- Film poster
- Directed by: David Irving
- Screenplay by: David Irving
- Based on: Rumpelstiltskin by the Brothers Grimm
- Produced by: Menahem Golan; Yoram Globus;
- Starring: Amy Irving; Clive Revill; Priscilla Pointer; Billy Barty;
- Music by: Max Robert
- Production company: The Cannon Group
- Distributed by: The Cannon Group
- Release dates: April 1987 (United States); May 1987 (Cannes);
- Running time: 84 minutes
- Countries: United States; Israel;
- Language: English
- Budget: $2 million

= Rumpelstiltskin (1987 film) =

Rumpelstiltskin is a 1987 musical fantasy film, based on the fairy tale by the Brothers Grimm. In the United States, it was the first installment of Cannon Films' Movie Tales series.

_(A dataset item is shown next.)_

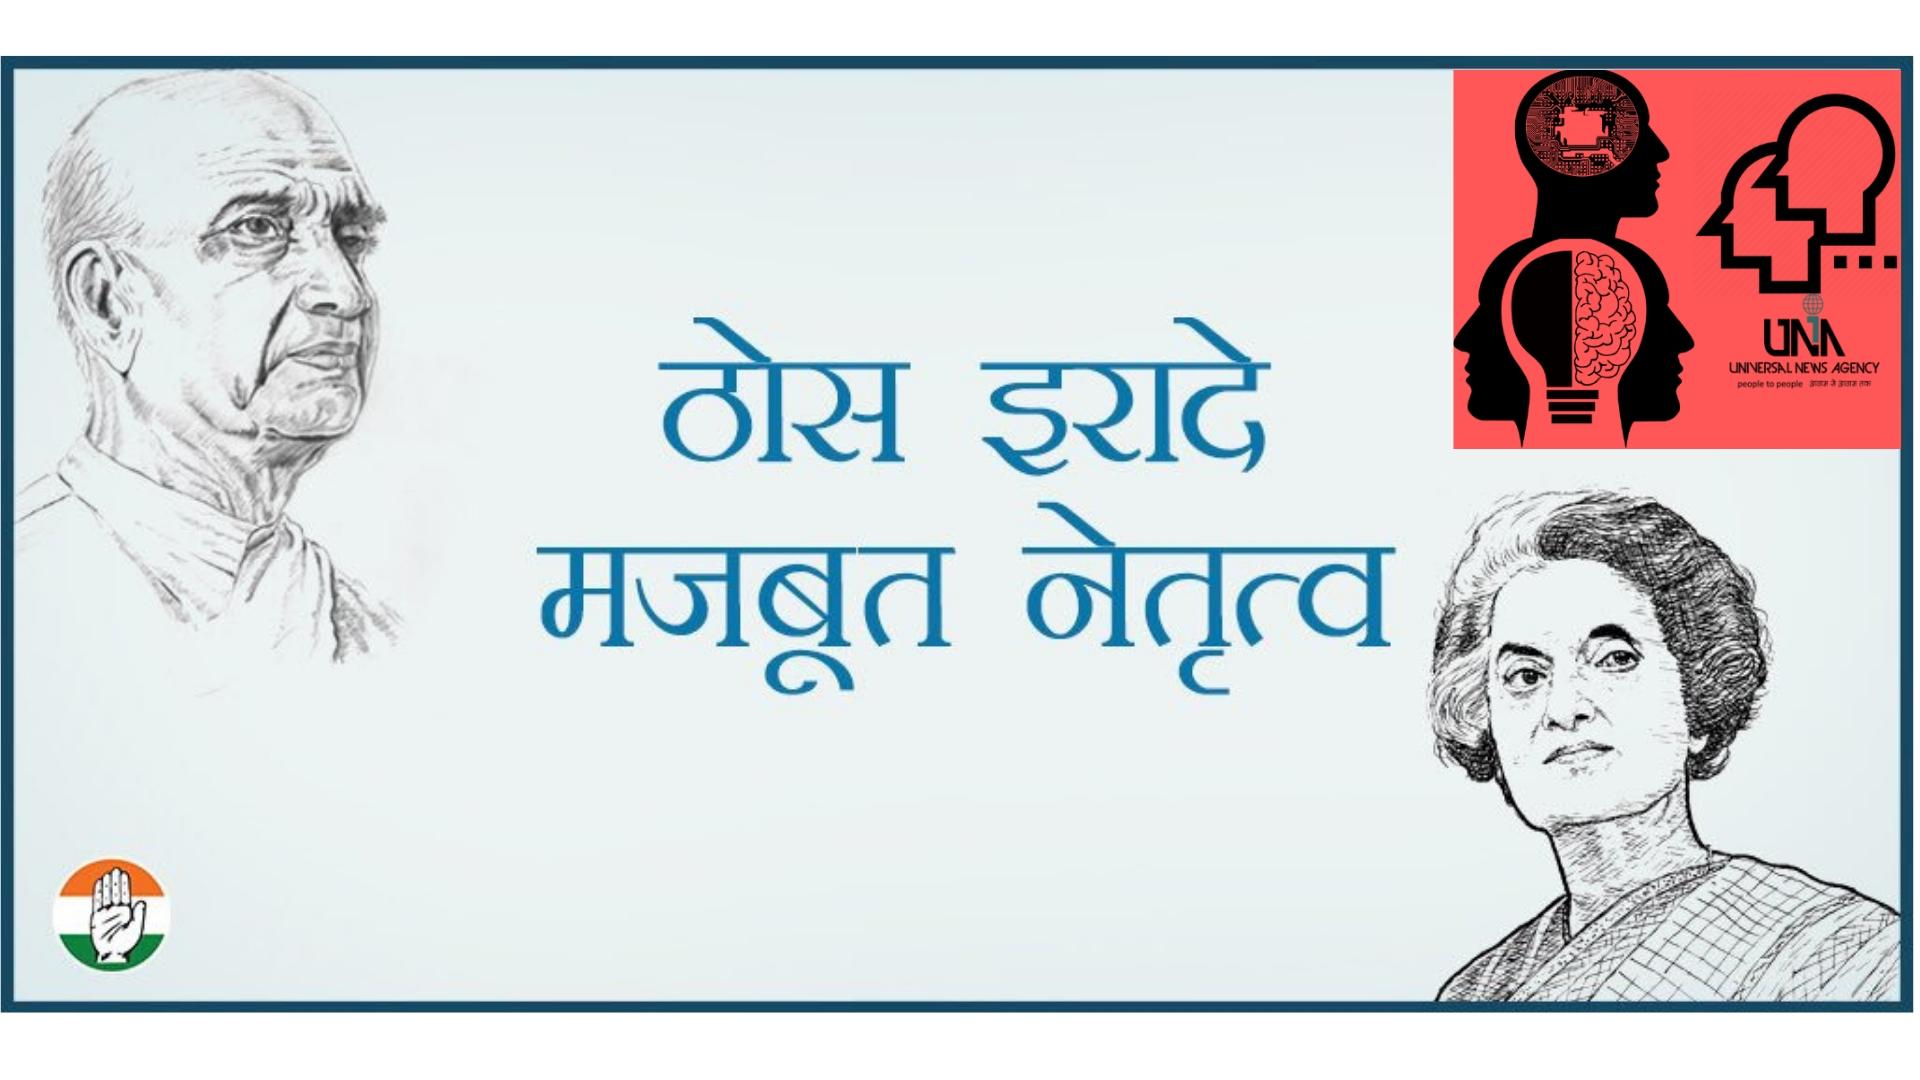 ऊत्तराखण्ड देहरादून में काँग्रेस पार्टी ने भारत रत्न स्व0 श्रीमति इन्दिरा गाँधी एंव भारत रत्न सरदार बल्लभ भाई पटेल के शहादत दिवस को याद कर माल्यार्पण किया

==Production and release==
Rumpelstiltskin was part of the Cannon Movie Tales series, a US$50 million project initiated by Menahem Golan and Yoram Globus to adapt sixteen fairy tales into live action. The film featured Billy Barty in his only lead role (as the title character), and also starred Amy Irving (as Katie, the miller's daughter) and Clive Revill as the villainous King Mezzer. Amy Irving's brother, David Irving (not the British author of the same name), scripted and directed; their mother, actress Priscilla Pointer, portrayed the Queen.

Cannon Films screened Rumpelstiltskin as the opening night attraction of its "family film festival" at 1987's Cannes Film Festival. It was the first Cannon Movie Tale released in the U.S.; though originally scheduled for November 21, 1986, it premiered in April 1987. The film was not well-received critically; Richard Harrington of The Washington Post said, "[A]ll Cannon has done...is to make a short story long. And long and longer." In his Movie Guide, Leonard Maltin gave it two stars out of four and commented, "[This] threadbare musical adaptation...[is] likely to bore even the small fry."

MGM released Rumpelstiltskin on DVD in 2005.